- Problem
Below are some records. Retype exactly the lines from the one containing "[Jyubaori Masyumaro] Alice" through the one containing "Bedroom Suite with Built-In Bunk Beds.", both included, skipping every picture.

- Exercise material
○ ○ ○

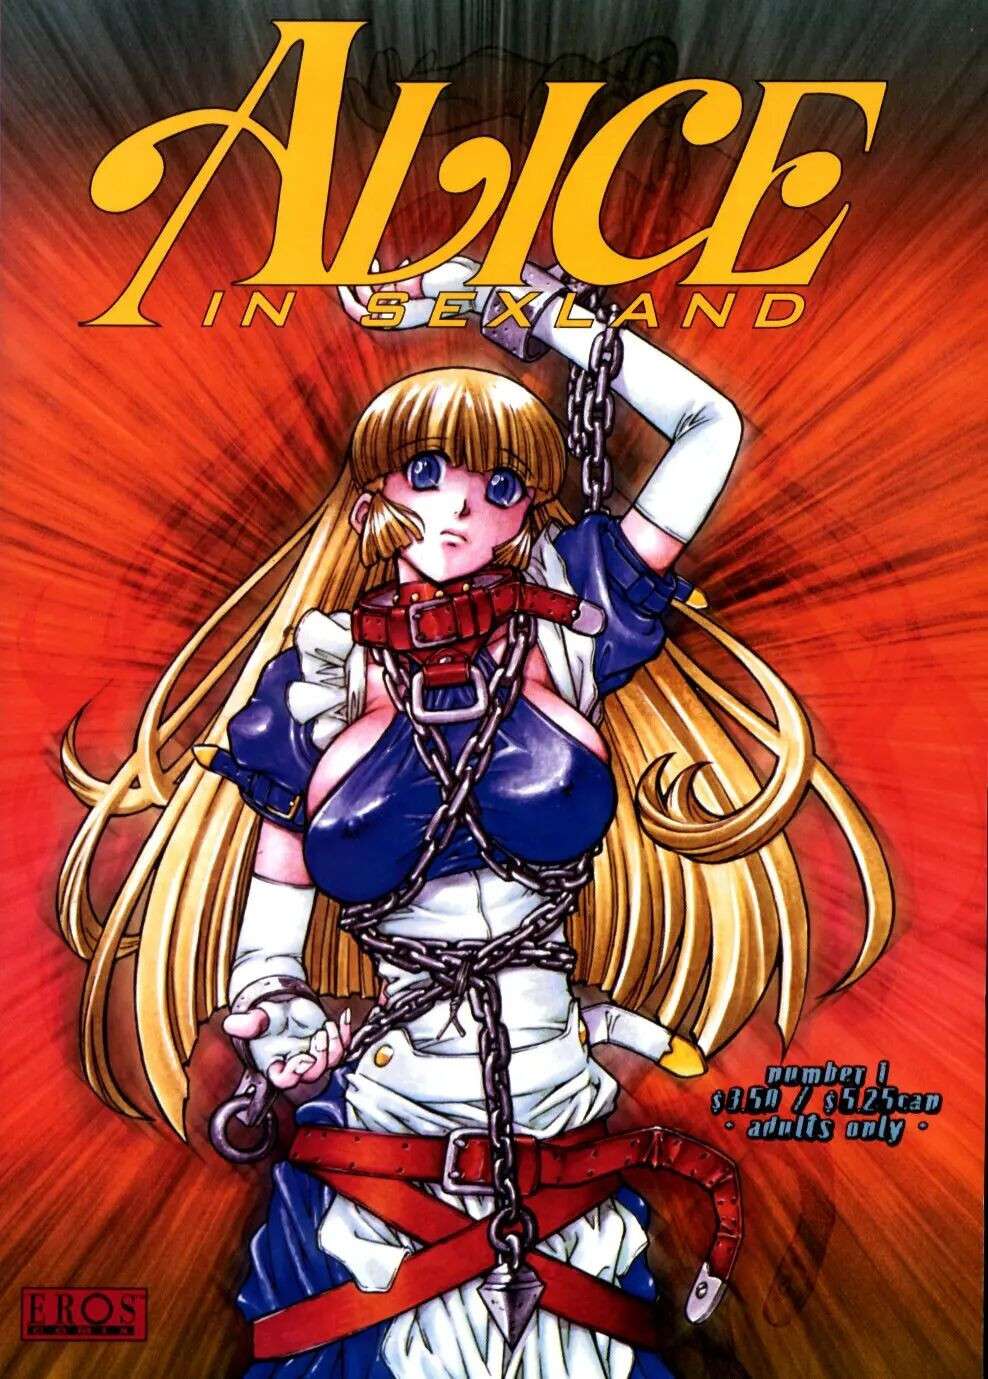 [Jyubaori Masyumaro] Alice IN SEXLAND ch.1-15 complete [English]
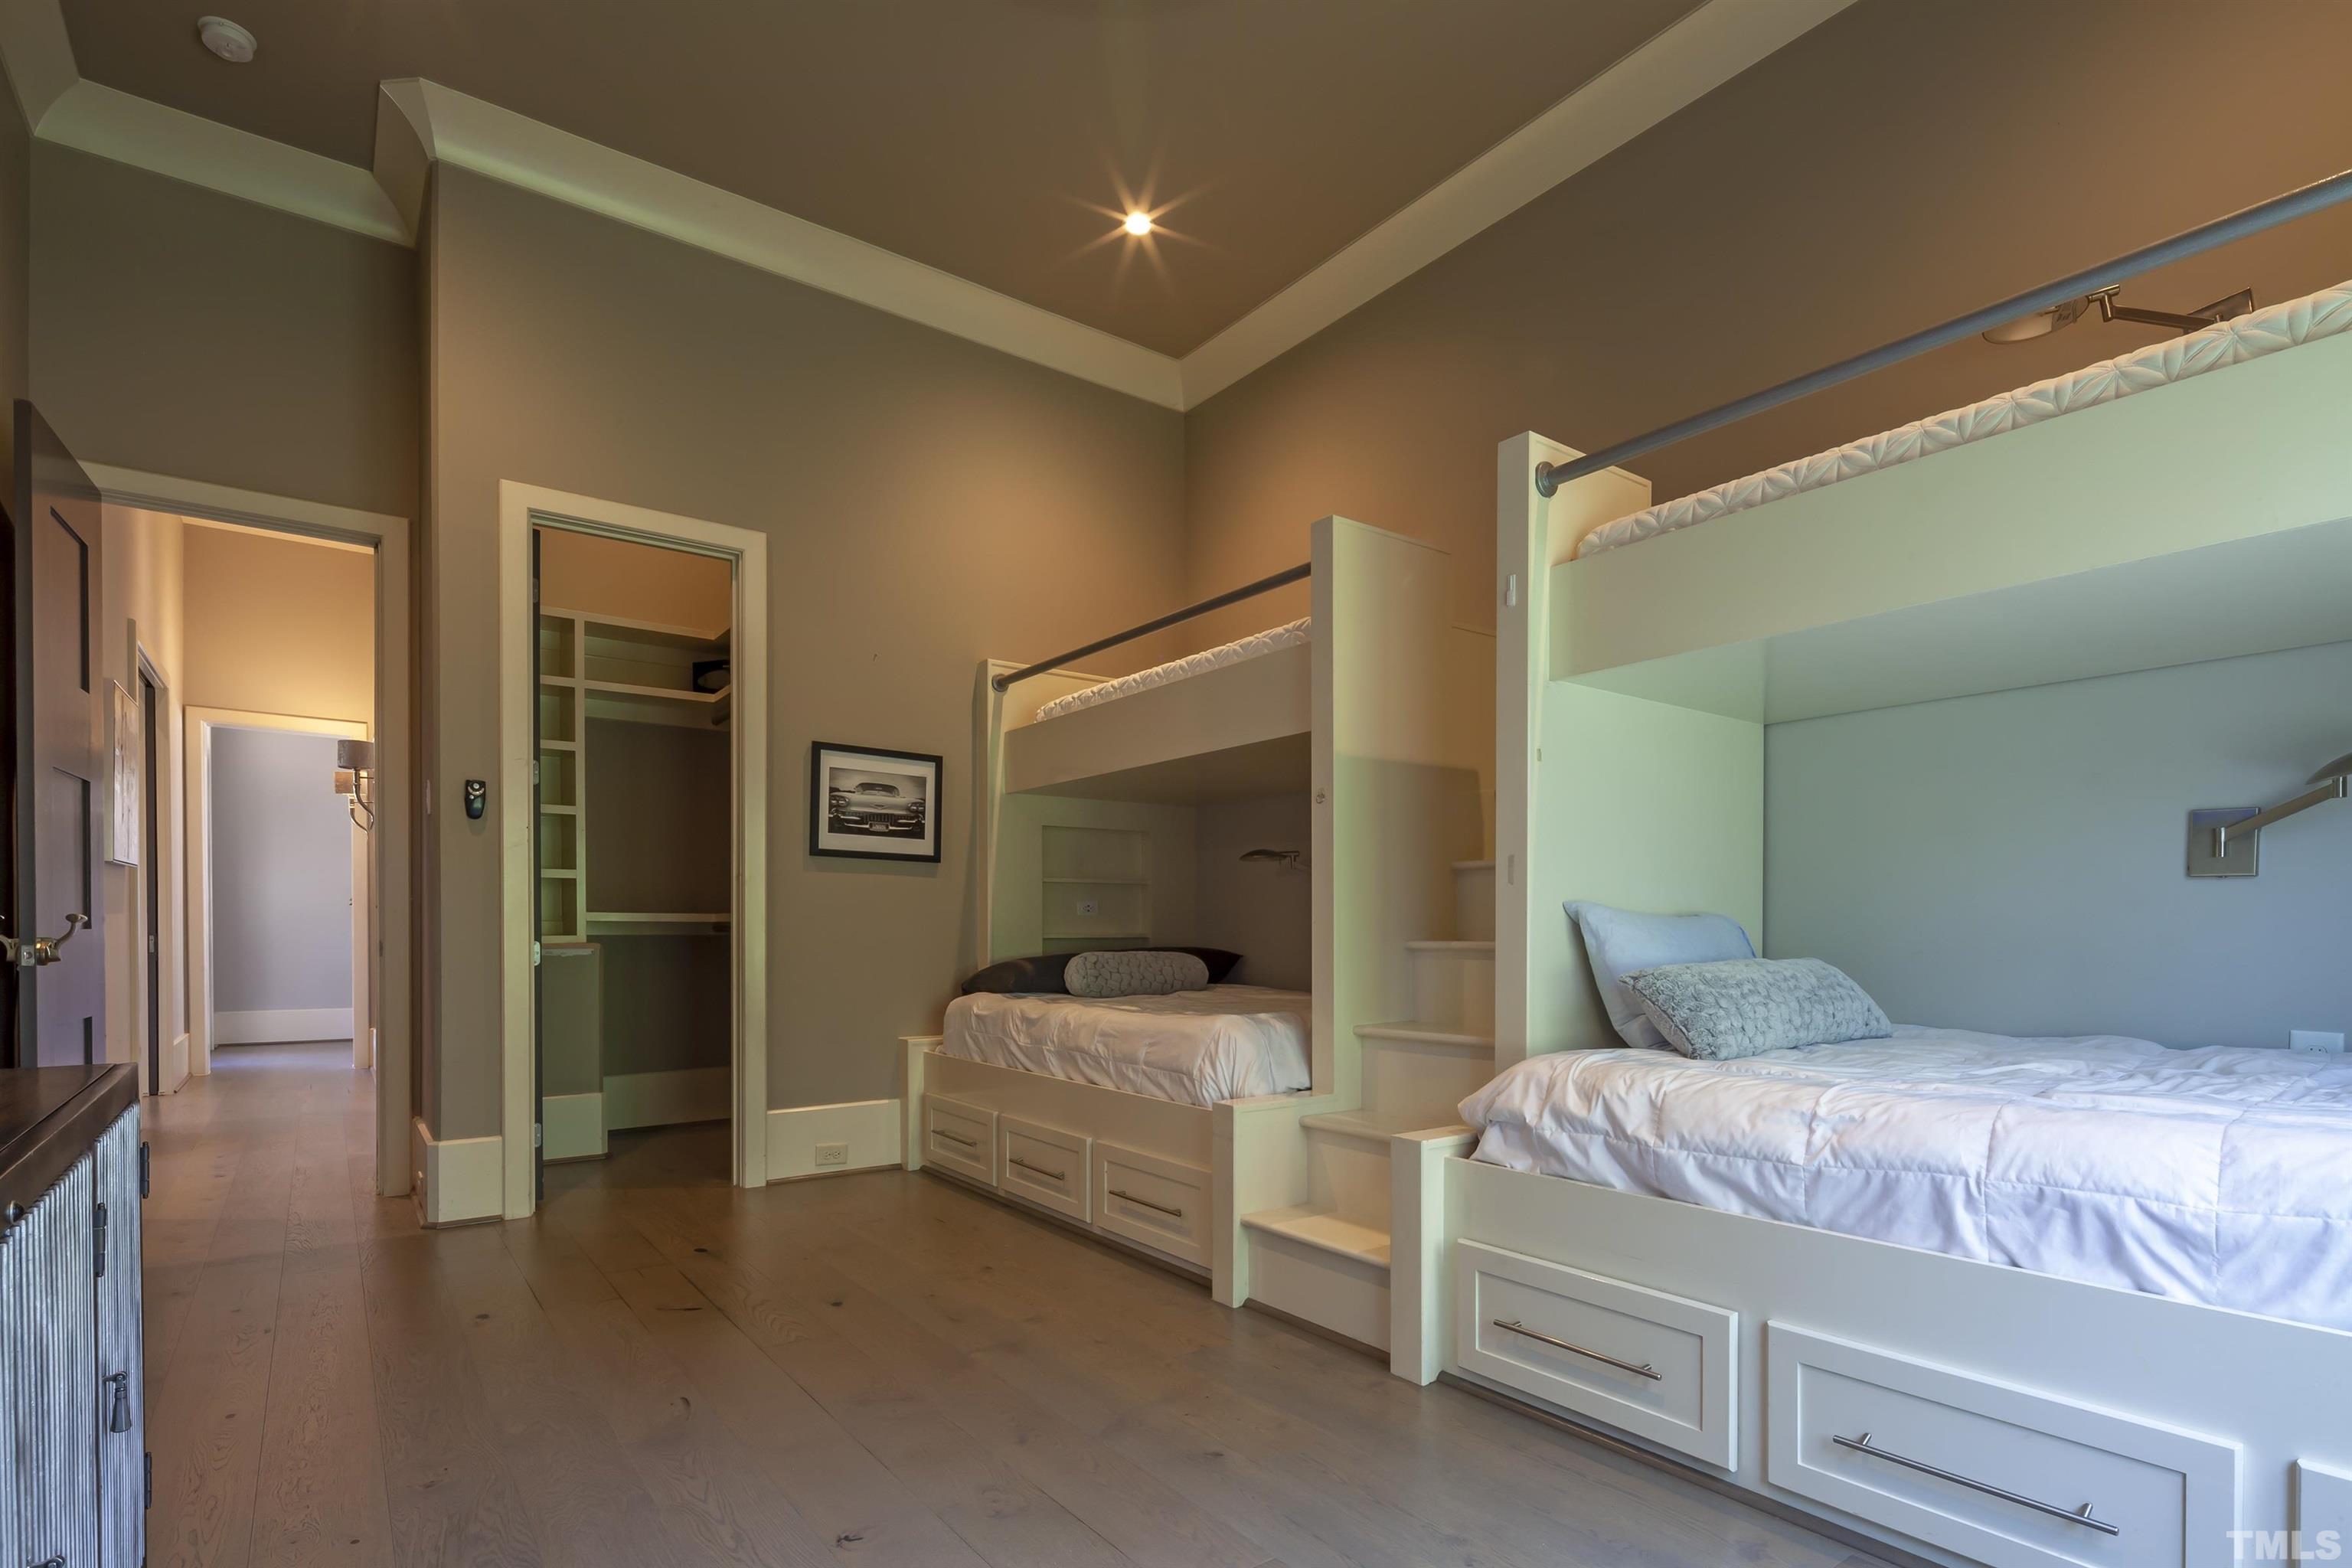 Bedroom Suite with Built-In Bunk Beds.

○ ○ ○

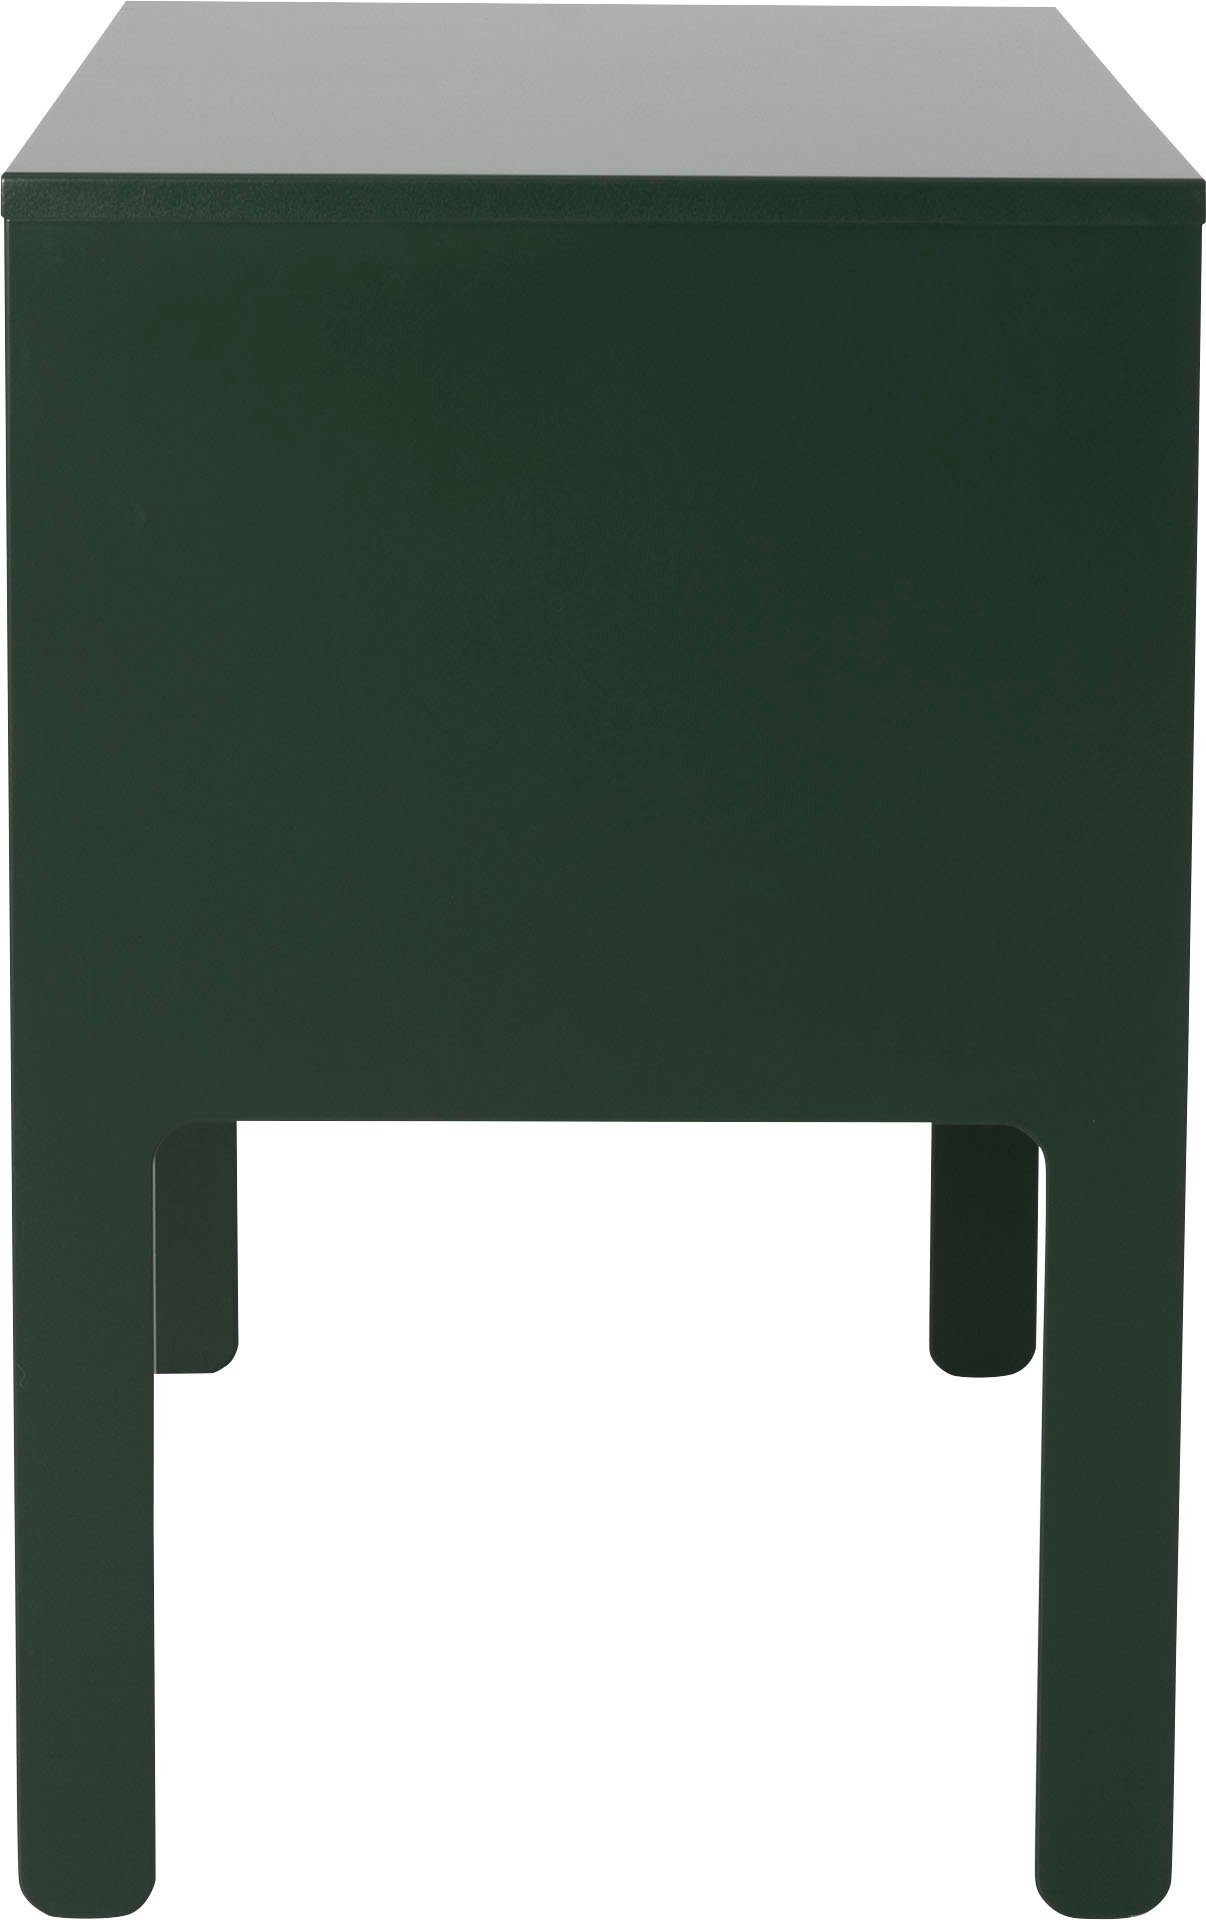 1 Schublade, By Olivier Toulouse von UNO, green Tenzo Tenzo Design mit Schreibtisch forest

○ ○ ○

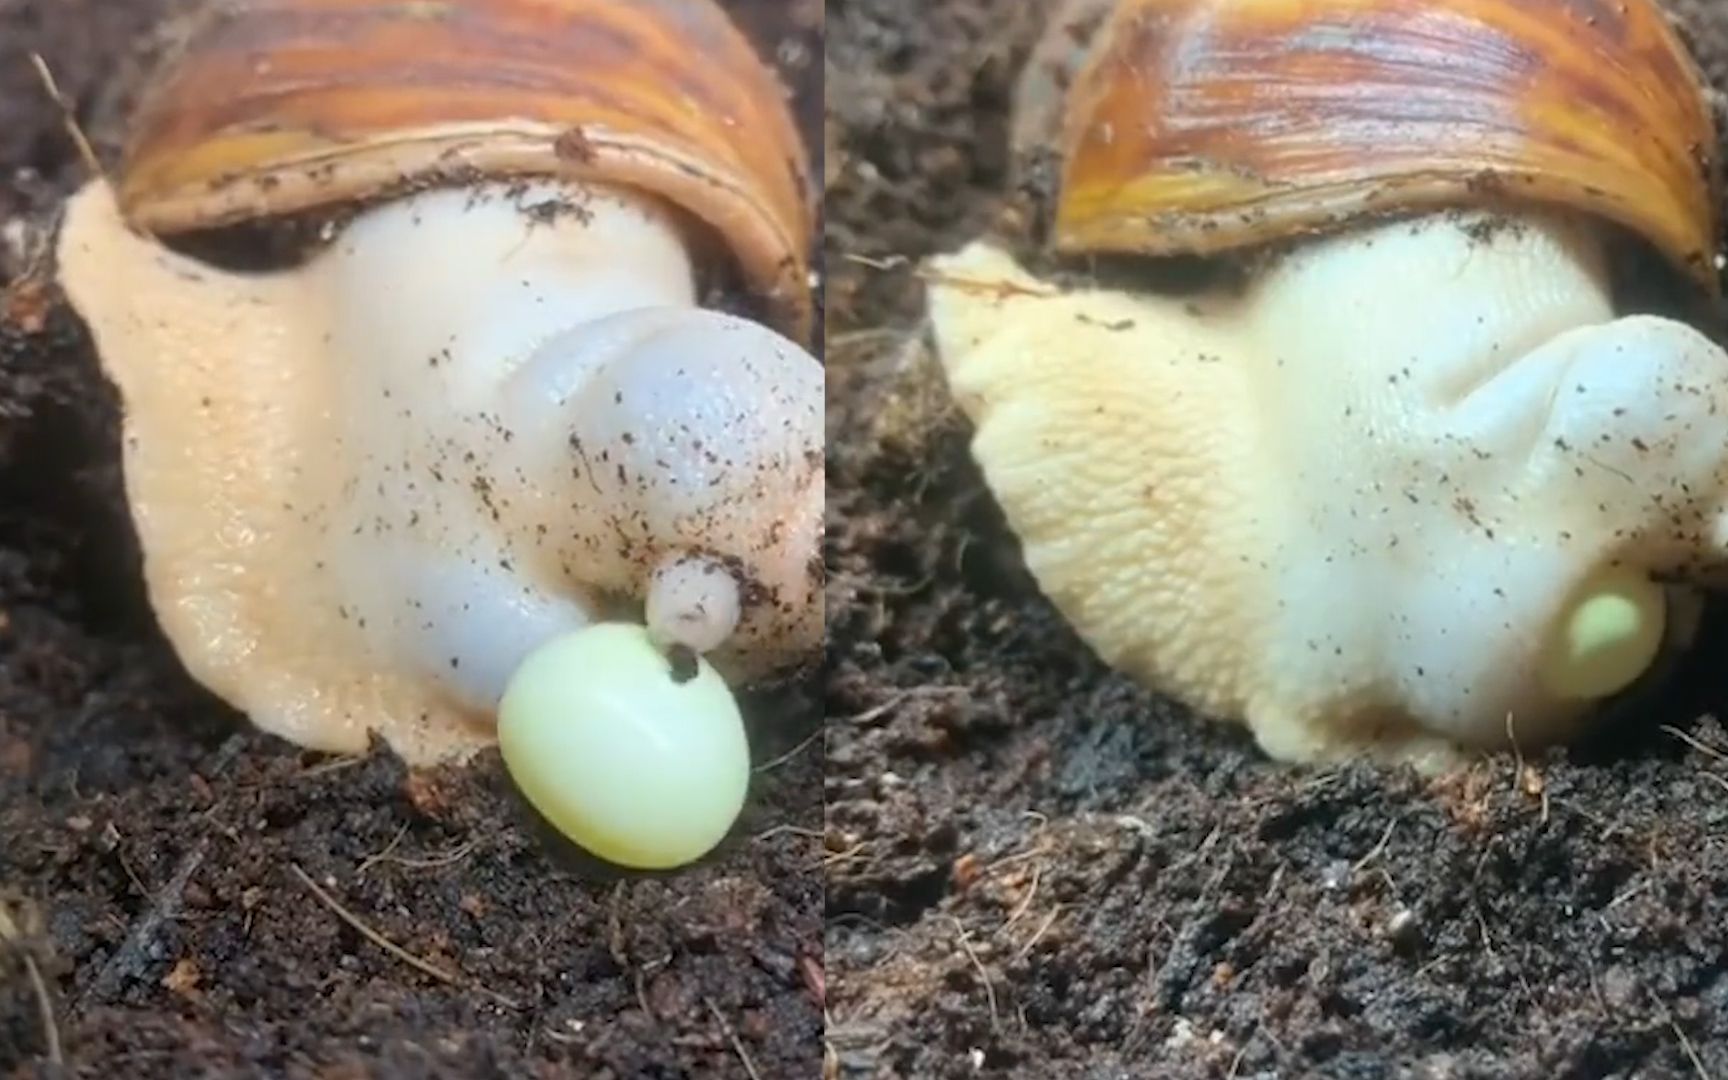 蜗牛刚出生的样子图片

○ ○ ○

- Solution to the problem
 [Jyubaori Masyumaro] Alice IN SEXLAND ch.1-15 complete [English]
 Bedroom Suite with Built-In Bunk Beds.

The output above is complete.